Task statement: Return the whole listing unchanged. Drop the images.

Collected material:
......
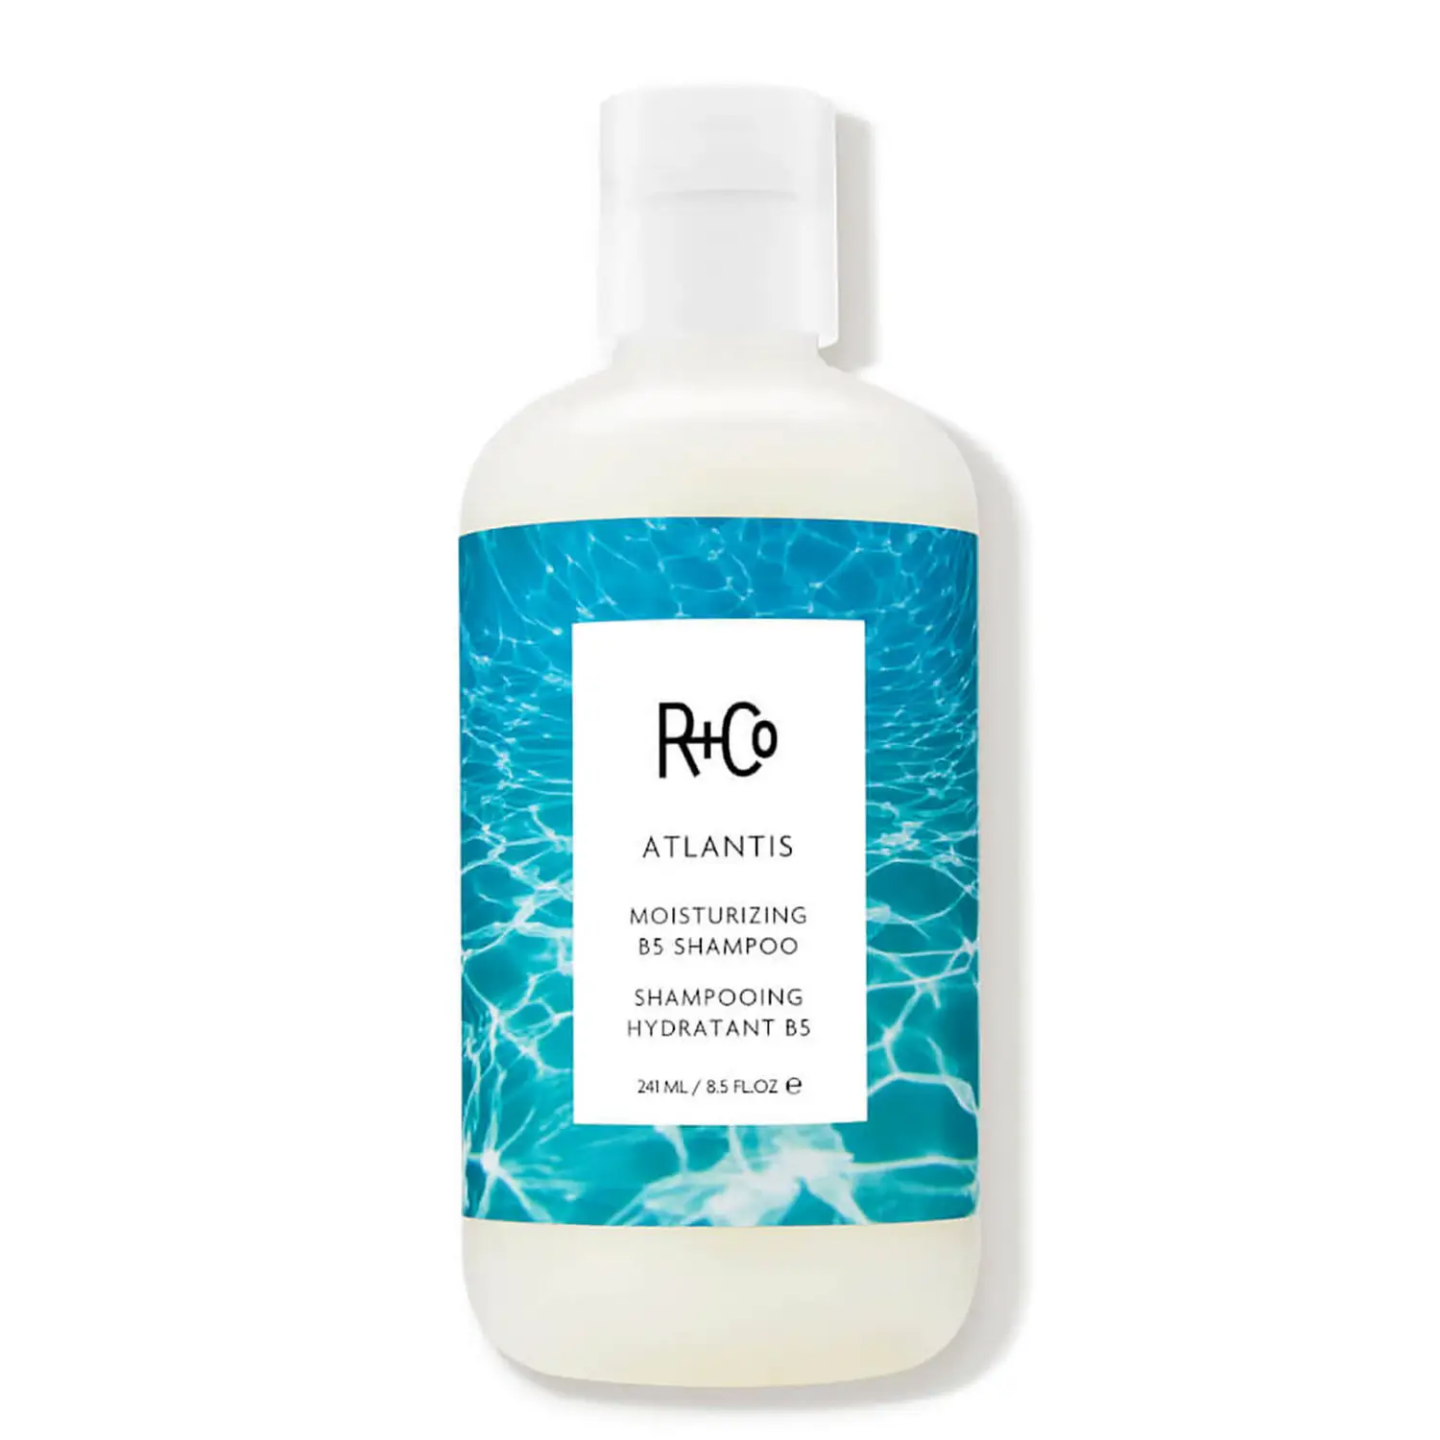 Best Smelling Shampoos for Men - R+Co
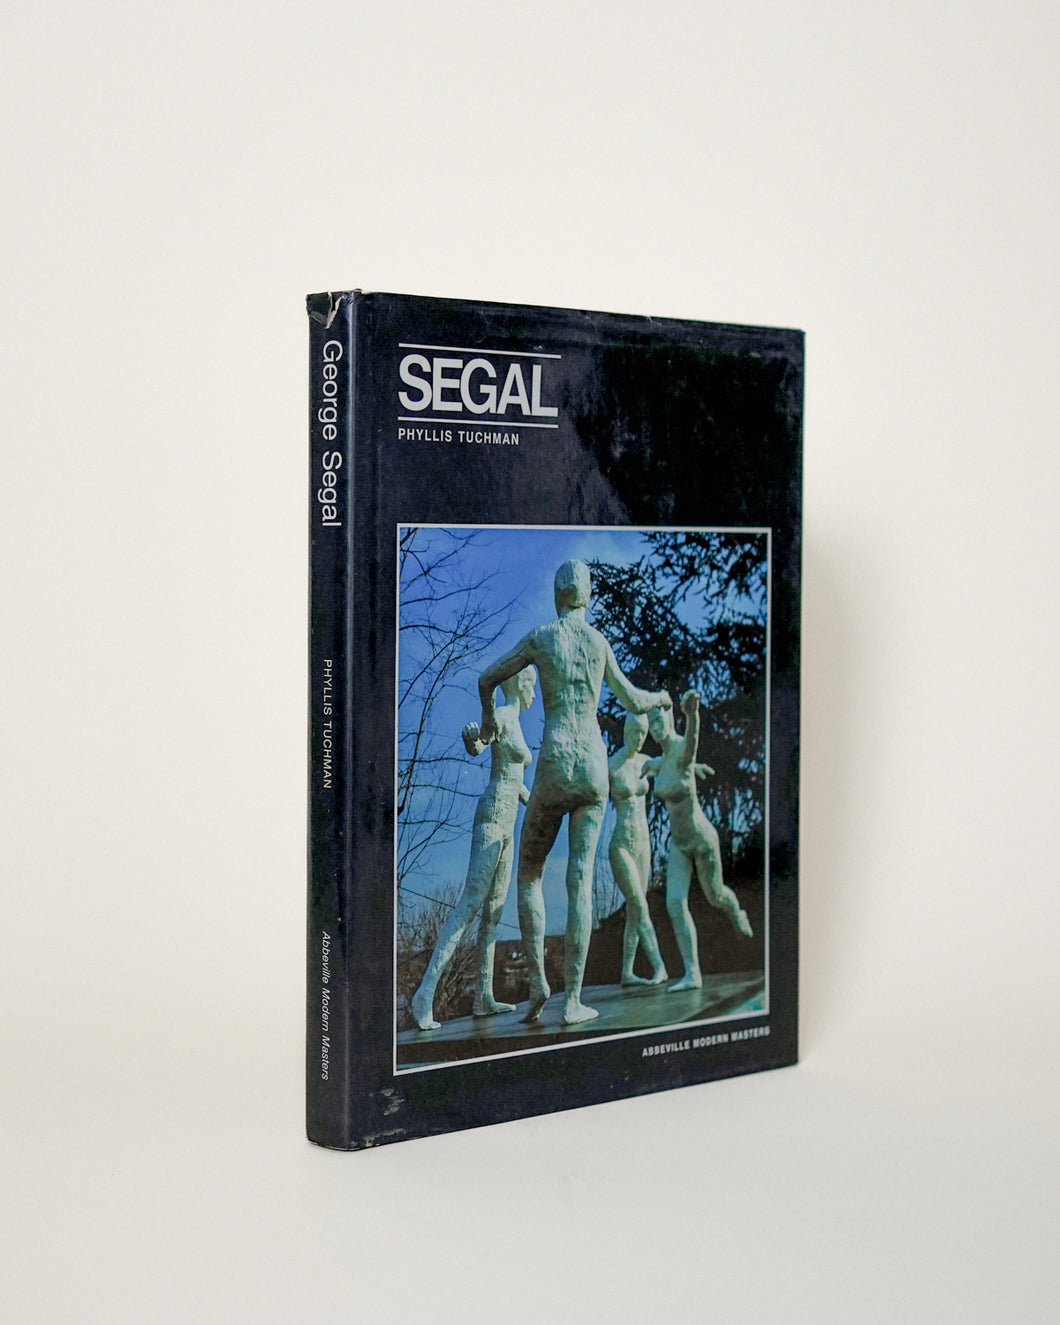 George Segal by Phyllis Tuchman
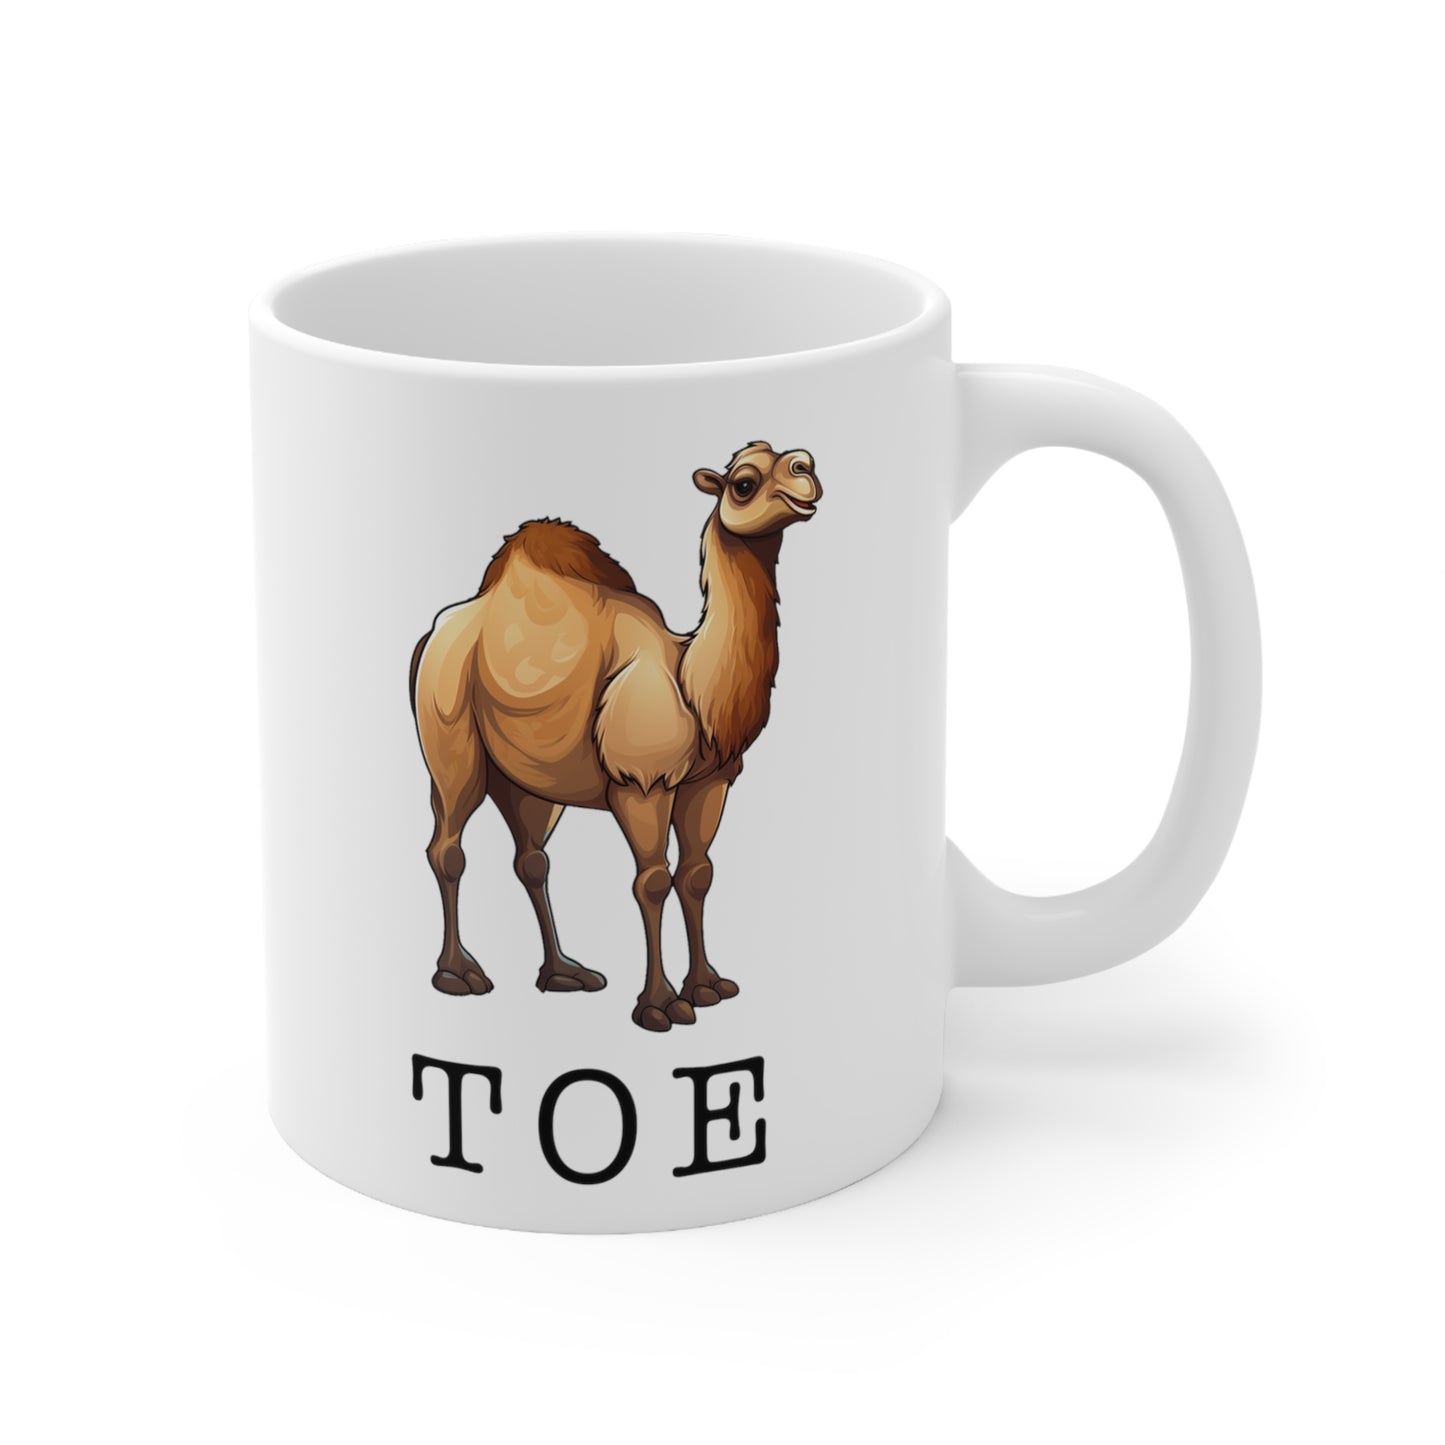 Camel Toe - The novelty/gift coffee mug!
......
Solution for this task:
 Best Smelling Shampoos for Men - R+Co
 George Segal by Phyllis Tuchman
 Camel Toe - The novelty/gift coffee mug!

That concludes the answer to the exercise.